Khilin Batu mengisahkan dua arca singa-naga yang menjaga rumah sang tokoh (“kau”) dan konon merupakan pemberian Dewa Erl Lang kepada leluhurnya. Sepasang arca bertubuh ganjil-bermuka mencekam ini, dipercaya, menjaga tuan rumah pemiliknya dari marabahaya dan lelembut jahat. Jelaga Hio menceritakan suasana di malam Pat Ngiat Chun Chiu, bulan kedelapan Imlek ketika dewa-dewa turun dari kahyangan ke bumi, dan umat merayakannya dengan sembah dan nyala dupa. Dan Malam Buta Yin mengangkat suasana mencekam di sebuah malam di bulan Chit Guwee, bulan ketujuh Imlek, di mana para lelembut dan roh jahat turun gentayangan ke muka bumi.

Sekadar mencoba menikmati legenda-legenda itu dari luar, kita akan menemukan betapa Sunlie memang tak ubahnya seorang etnografer ulung yang mahir membawakan dongeng-dongeng leluhurnya kepada kita sebagai pembaca modern. Dan, betapa kosmologi dalam prosa-prosanya mengandung anasir legenda yang sangat kuat, deskripsi yang cukup detail dan “fotografis”; dan betapa prosa-prosa itu dapat saja menjadi naskah antropologi, andai dapat digarap dengan lebih metodologis dan ilmiah.

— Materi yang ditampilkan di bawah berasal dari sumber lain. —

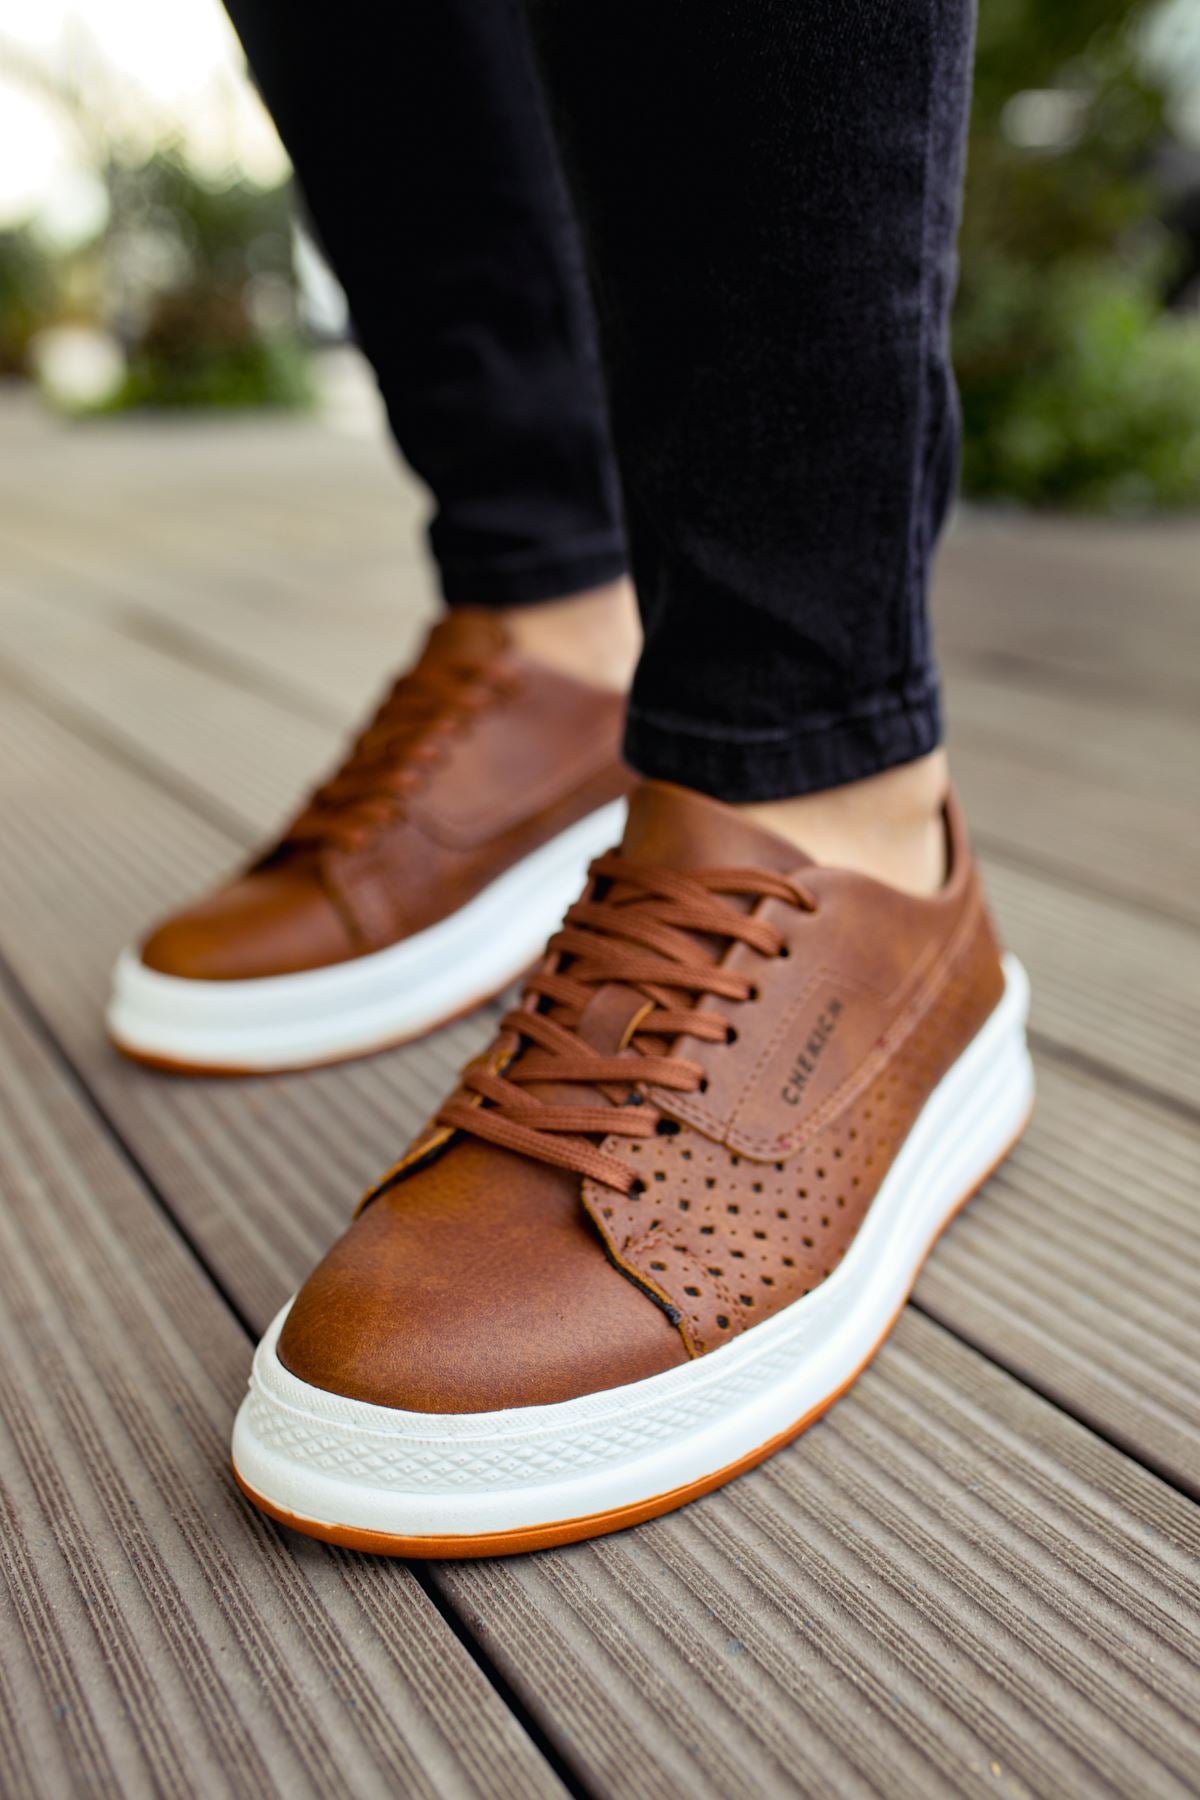 CH043 Men's Unisex Brown-White Sole Casual Shoes - STREETMODE ™

Namun rupanya legenda-legenda itu bukan dimaksudkan untuk menceritakan fakta ilmiah, melainkan pengalaman manusia-manusia di baliknya; pengalaman-pengalaman perih yang juga traumatis. Khilin Batu mengungkap betapa si tokoh (“kau”) sesungguhnya membuat sepasang arca magis itu karena ingin mengenang mendiang istrinya yang mati sakit dan dua anaknya, A Lung dan A Hiung, yang mati dalam sebuah pertempuran. Maka, dua khilin batu itu tak lain adalah jelmaan dari ingatannya tentang dua anak kesayangannya itu.

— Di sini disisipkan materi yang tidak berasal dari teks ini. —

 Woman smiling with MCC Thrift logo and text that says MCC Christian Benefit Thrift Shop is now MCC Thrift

Jegala Hio mengungkap bahwa ternyata di balik asap hio yang dinyalakannya di malam Pat Ngiat Chun Chiu, ada kemiskinan yang harus dihadapi sang tokoh, meski menurut keyakinan para tetua, konon ritual itu menjanjikan kemakmuran bagi pelakunya. Dan di balik Malam Buta Yin yang merupakan malam segala malam jahanam, malam yang konon sarat energi negatif dan penuh bencana, terdapat derita batin seorang Bibi Nio yang di masa remajanya pernah diperkosa oleh ayahnya sendiri di balik semak-semak, suatu pengalaman yang tak pernah diungkapkannya kepada siapa pun. Legenda-legenda itu, seperti dalam pengalaman kanak-kanak di Loteng, Poster Film, dan Secangkir Kopi, menyimpan kisahnya sendiri, kegetirannya, dan juga masa lalunya yang bisu atau dibisukan.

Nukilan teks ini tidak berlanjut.